This makes it easier to spot patterns in the deviations.
{pmore}
2) Instead of showing the freqencies it shows the square root of the frequencies.
This way the sampling variation of the length of the spikes or bars is stabelized.
These lengths are counts of the number of observations that fall within each bin,
and larger counts tend to have larger sampling variation than smaller counts,
making it harder to compare the deviations across bins. By taking the square
root, the sampling variations tends to be approximately equal across bins,
facilitating the comparison across bins. Moreover, this tends to make deviations
in the tails, where the counts are small, more visible.
{pstd}
The aim of the hanging rootogram and the suspended rootogram is to compare an
empirical distribution to a theortical distribution. The key part of the graph
that displays this information are the deviations of the bars or spikes in the
hanging rootogram from the line y=0, as these are the residuals of the
empirical distribution fromt the theoretical distribution. So, a more direct
way of achieving the goal of these graphs is to directly display these residuals
rather than the raw number of observations belonging to each bin. This is what
the suspended rootogram does. It now makes sense to flip the entire graph upside
down, suspending the theoretical distribution from the line y=0, because this
way positive residuals represent too many observations in a bin, and negative
residuals too few observations in a bin. We can optionally suppress the display
of the theoretical distribution, focussing entirly on the residuals.

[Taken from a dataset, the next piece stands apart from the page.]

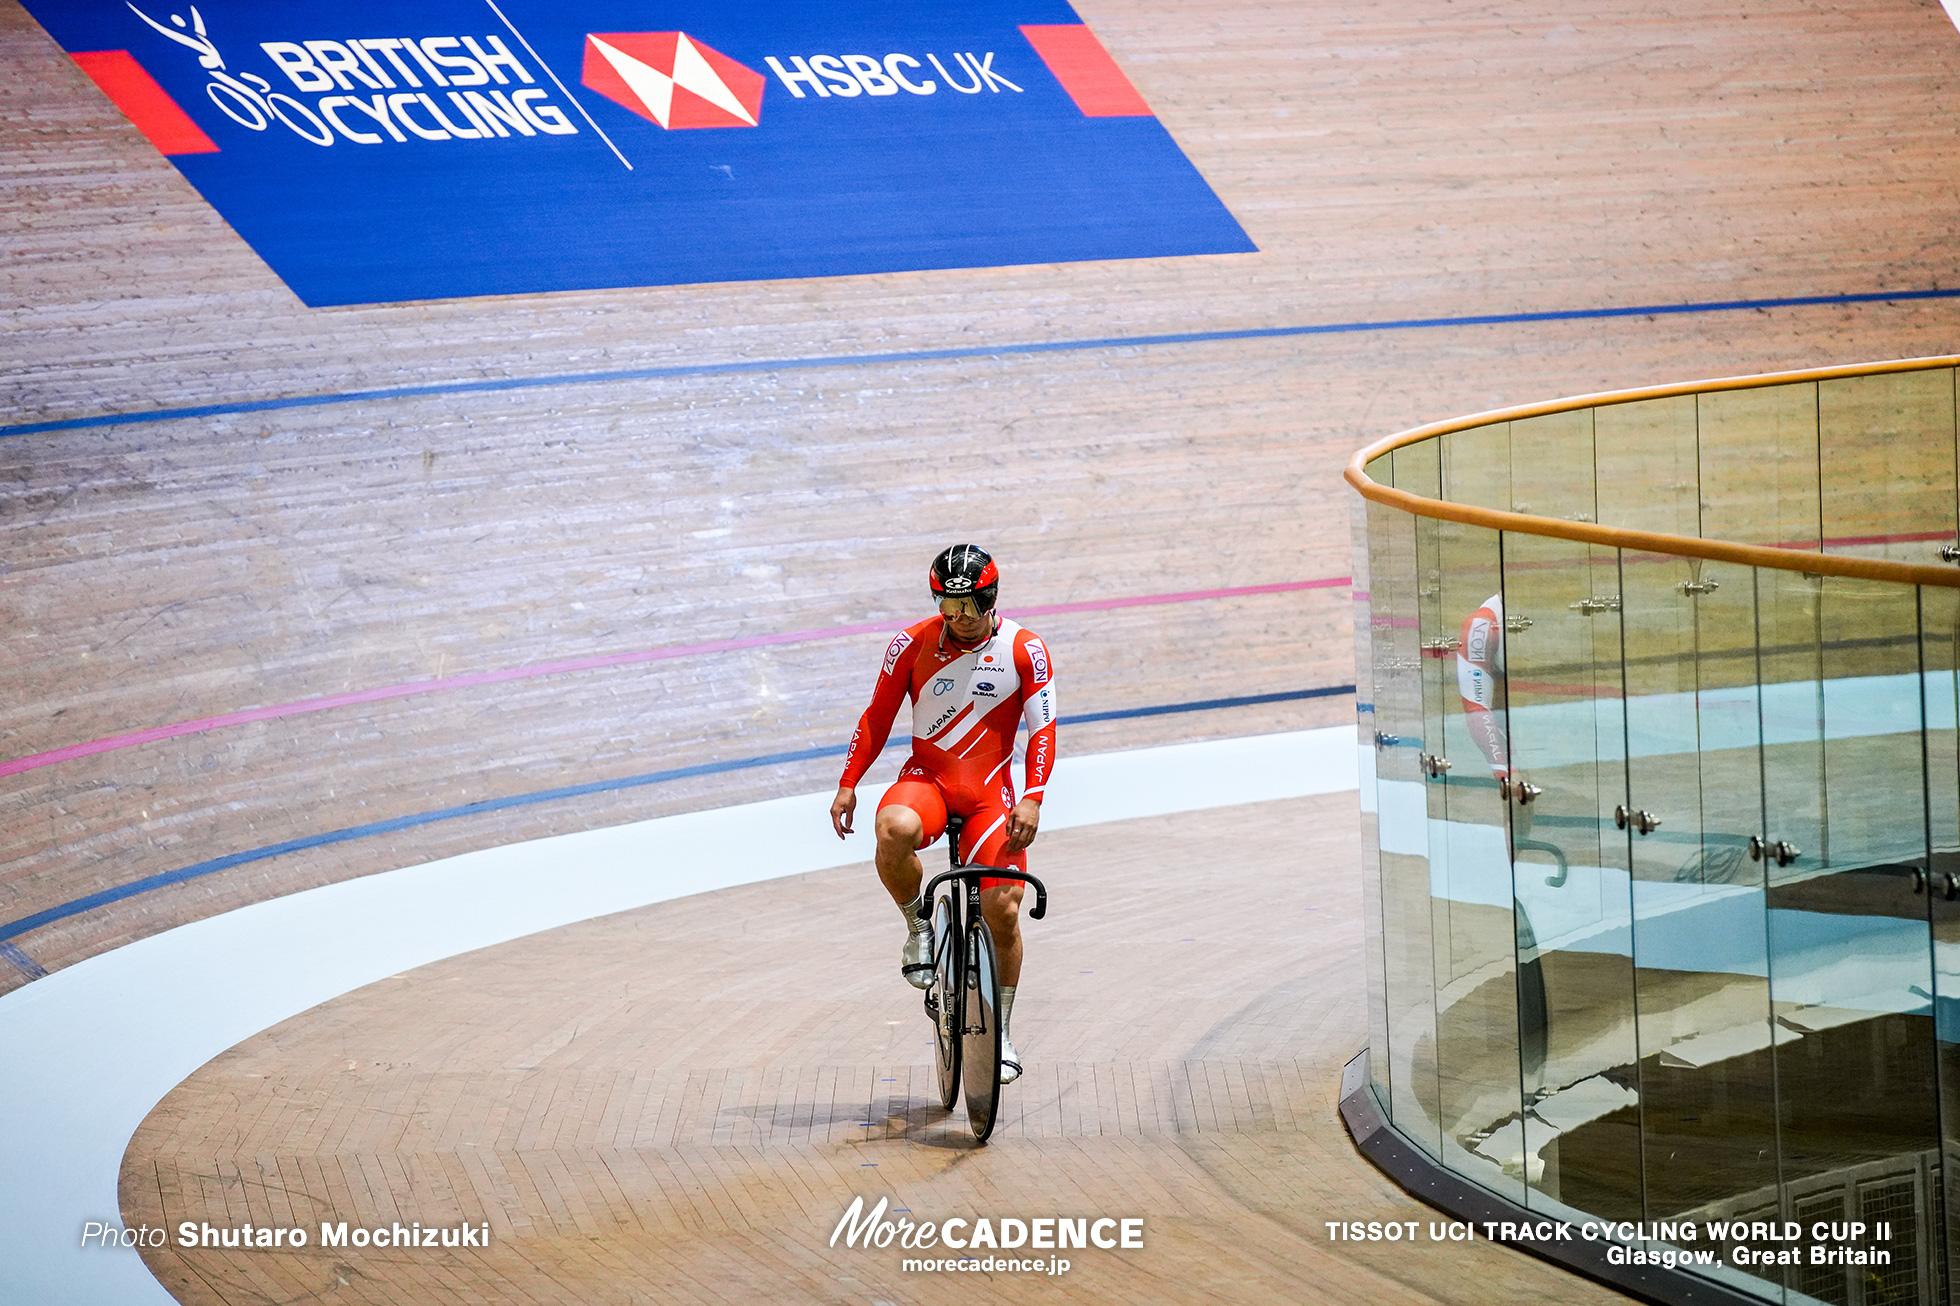 深谷知広 TISSOT UCI TRACK CYCLING WORLD CUP II, Glasgow, Great Britain

{title:Coefficients of the theoretical distribution}
{pstd}
The parameters of the theoretical can either be estimated or specified by the
user using the {cmd:par()} option. For many distributions there are two ways in
which {cmd:hangroot} can obtain estimates, either it computes those estimates
itself, this happens when the stand-alone syntax is used, or it can use the
estimates obtained previously, this happens when the post-estimation syntax is
used. The post-estimation syntax is available if in the table below there is an
entry in the {it:estimation command} column, while the stand-alone syntax is
available if the entry in the {opt dist(name)} column is not marked with an *.
{pstd}
In order to use the post-estimation syntax one must first estimate
the model with or without covariates using one of the estimation commands in the
table below. If the previous model contained covariates, then the theoretical
distribution will the marginal distribution of the dependent variable implied
by the model and distribution of the covariates in the data. All the estimation
commands are either part of official Stata or available from {help ssc}. The
{cmd:if} and {cmd:in} qualifiers and the weights will be coppied from the last
estimation command, so they may not be specified in the post-estimation syntax.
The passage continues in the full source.